So I'm going to talk a little bit more.
The project that I've been working on is related to CG NAT and multi -user IP detection.
But really in general, I'm sort of about the role.
It's very team oriented and I think that's one of my favorite parts about working here at Cloudflare is that there really is an opportunity to connect with people outside your team to really work in sort of this collaborative way, getting to meet a lot of different people from different teams and sort of a cross -functional experience.
Awesome. Yeah, so I've also had a really good experience working across teams.
This is my first product management internship.
Previously, I have done software engineering internships.
So it's been really cool to be able to exercise some of these soft skills and meet a lot of PMs and engineers on other teams and kind of work with a bunch of stakeholders to get this project over the line.
Nate and I did work on this same project.
So I guess you all will get to hear two different perspectives on kind of what it's like to work on this kind of thing with the research team.
So I guess first, Nate, do you want to provide some context into what CG NATs are and also just multi-user IPs in general?
Sure. Yes, I think one of the most important sort of background items to address here when talking about CG NAT and multi-user IPs in general is sort of the difference between IPv4 and IPv6.
So IPv4 is sort of the original version of the Internet protocol.
It's very old. It's been with the Internet since the very beginning. And IPv4 has a 32-bit address space, which seemed huge at the time, this massive number, millions and millions and millions of IPs.
And that scaled well for a few years.
But now that the Internet has grown so much, the v4 address space is just about used up.
And so then once that started to happen, people were wondering, what are we going to do to sort of increase this address space?
Because this is sort of a resource that has been exhausted.
And what do we do to fix this and to sort of expand the usable address space for IP addresses?
So the solution to that was IPv6, which instead of a 32-bit address space is a 128-bit address space, which is just enormous.
And so that pretty much solved the problem of assigning IP addresses, because there's just so many to go around.
There's no shortage anymore. The problem, though, is that not all of the Internet is v6 enabled.
So there are some sites that are still on IPv4, and there are some clients, some users at home that are still on IPv4 as well.
According to Clarksware Radar, currently about 77% of Internet traffic is IPv4, and that's still the vast majority of traffic.
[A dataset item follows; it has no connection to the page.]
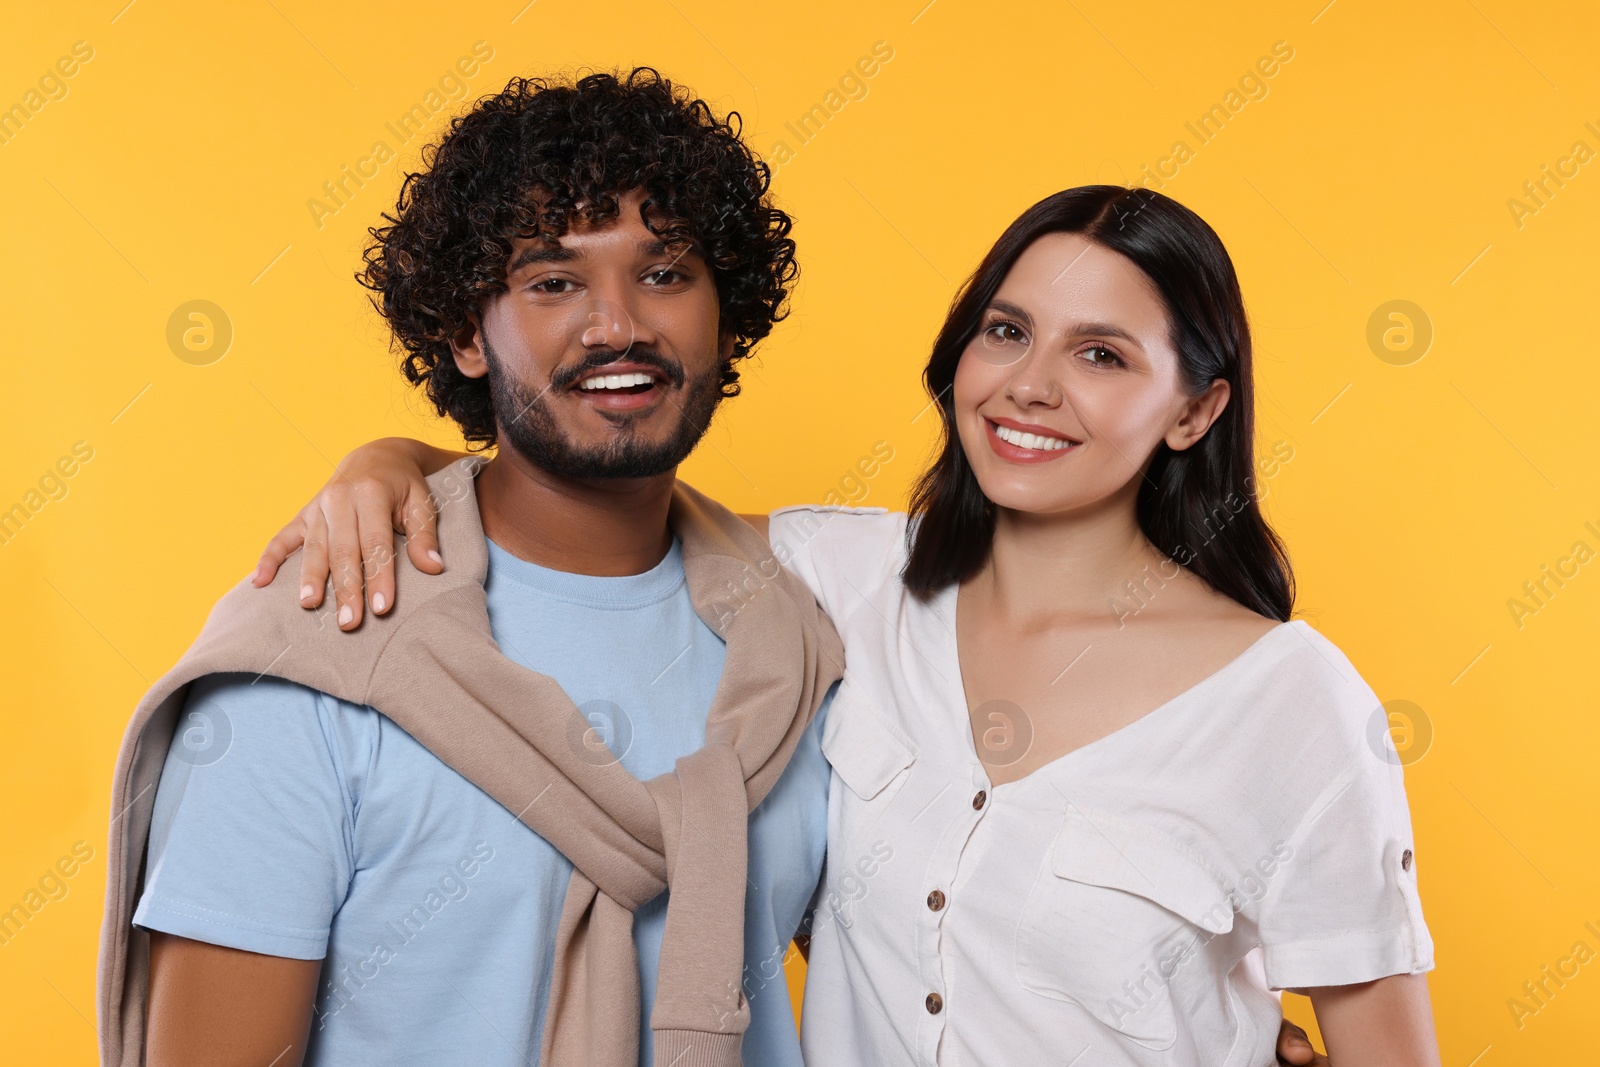 Photo of International dating. Portrait of happy couple on yellow background

So we need some way to sort of interoperate between these two address families, still keeping v4 working, but while working on v6 deployment.
So cgnet is one solution to sort of the carrier side, so people that would be working on networks where humans are actually interacting through the Internet, as opposed to the server side, which wouldn't really be using cgnet.
Operating on cgnet is a way to have multiple users sharing the same IP address.
And this could be households or businesses, but it could be up to hundreds or thousands even of users sharing the same IP address.
And pretty much this is what cgnet is, and that was some background for sort of what this product is looking at.
Awesome. Thanks for giving that context, Nate.
So yeah, Radar is a really cool dashboard that Cloudflare has. Check it out at radar.Cloudflare.com.
You can see a bunch of stats on kind of the Internet, and one of those is IPv4 versus IPv6.
But yeah, the majority of traffic routed on the Internet today is still relying on the IPv4.
And so cgnet is one solution that's deployed that allows a bunch of private IP addresses to share fewer public IP addresses.
This can lead to security products that exist that rely on detecting these IP addresses as a way to kind of distinguish requests that are coming in from different origins.
And so yeah, this is kind of the problem that we've been examining through this project.
And we in the long term think IP addresses shouldn't be used at all to identify users.
There are a variety of kind of IP address obfuscation technologies that are being developed.
And even with the move to IPv6, which theoretically would allow every single user and every single device their own IP address, because the IP address space is so much larger.
We think that kind of with these developments, the industry as a whole, the Internet as a whole is moving in the direction of IP addresses not being relevant for this use case.
And so there is this problem still that exists today of legitimate users being kind of misidentified due to being behind middle boxes like cgnets.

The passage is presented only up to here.